I am very new to R and this is probably not a difficult problem to solve, but I have been going around and around and can't get what I need, so I would be very grateful if someone could give me some advice. I've also never asked a question on one of these forums before, so I apologize if I am not following all of the normal conventions for posting.
I have multiple output files from another program that I am trying to do some analysis with using R. The number of output files will not be known in advance. I read them into my R code and store them in the variable listFinal.data.
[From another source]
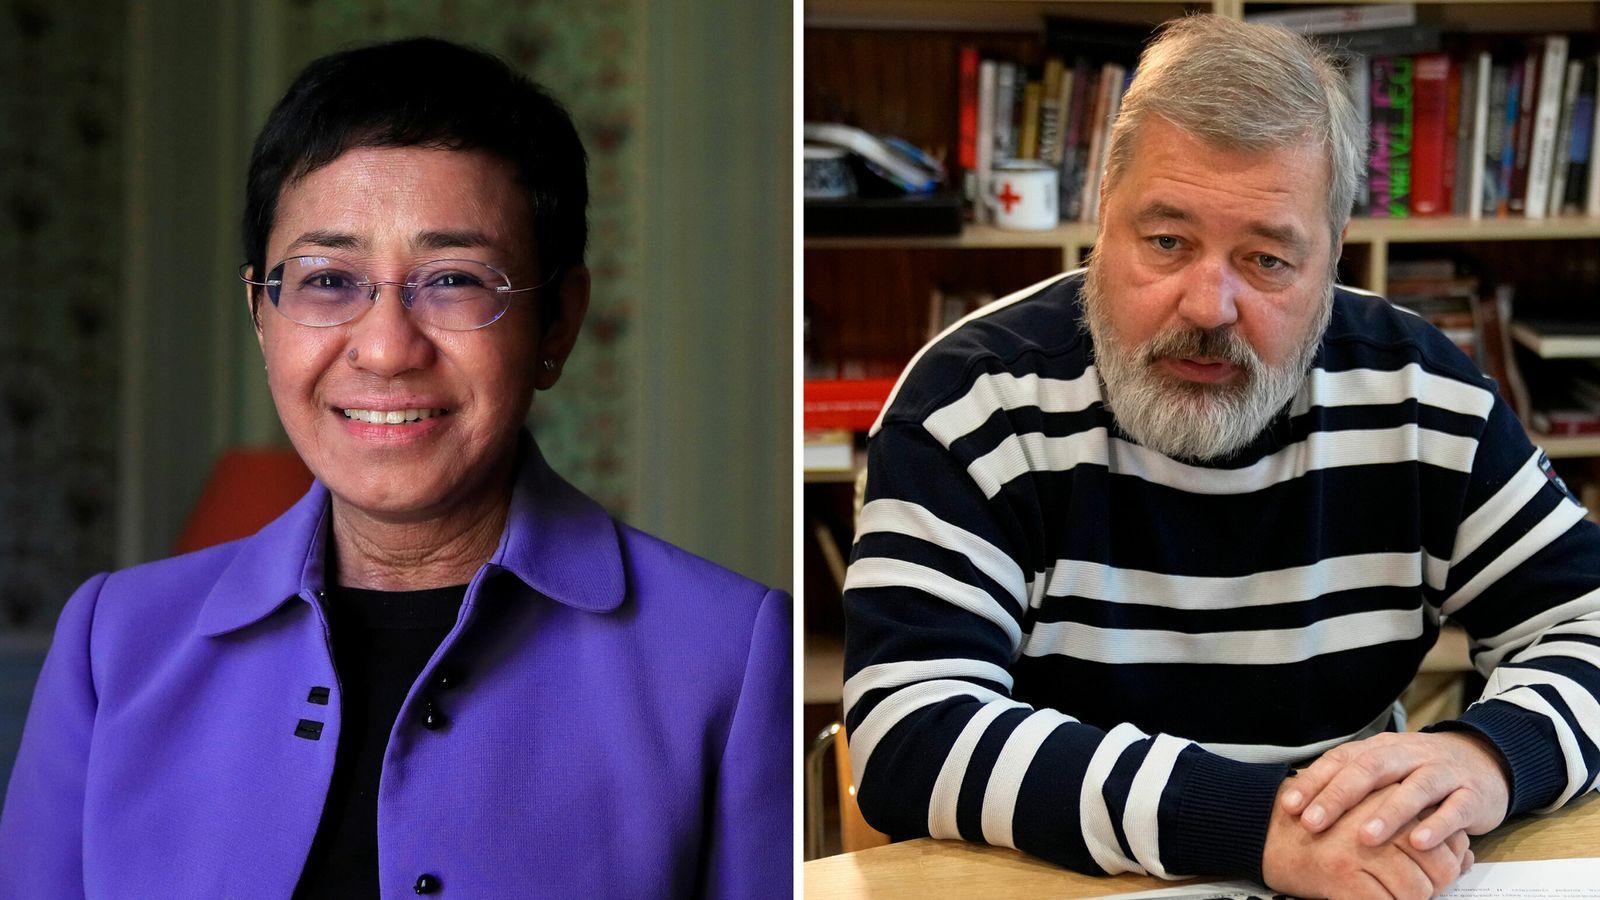 MARIA RESSA AND DMITRY MURATOV WIN 2021 NOBEL PEACE PRIZEcomp - AP/REUTERS

I am trying to loop through the output files and group by the different values in the column Entity.Type, count the number of occurrences for each of the different entity types and then I need to get the average number of occurrences for each entity type across all of the output files.
Here is a snippet of the column I need to work with in the output files:
ID | Entity.Type |
---|---|
1 | Ground |
2 | Ground |
3 | Air |
4 | Air |
5 | Sea |
6 | Ground |
7 | Sea |
8 | Ground |
9 | Air |
10 | Ground |
Results I am looking for for this single file would be:
Ground | Air | Sea |
---|---|---|
5 | 3 | 2 |
I can do this successfully for just one file, but when I use the code that I have written and I have multiple files, I get a result like above for each file when what I really want is a single result like above that is the average across all files.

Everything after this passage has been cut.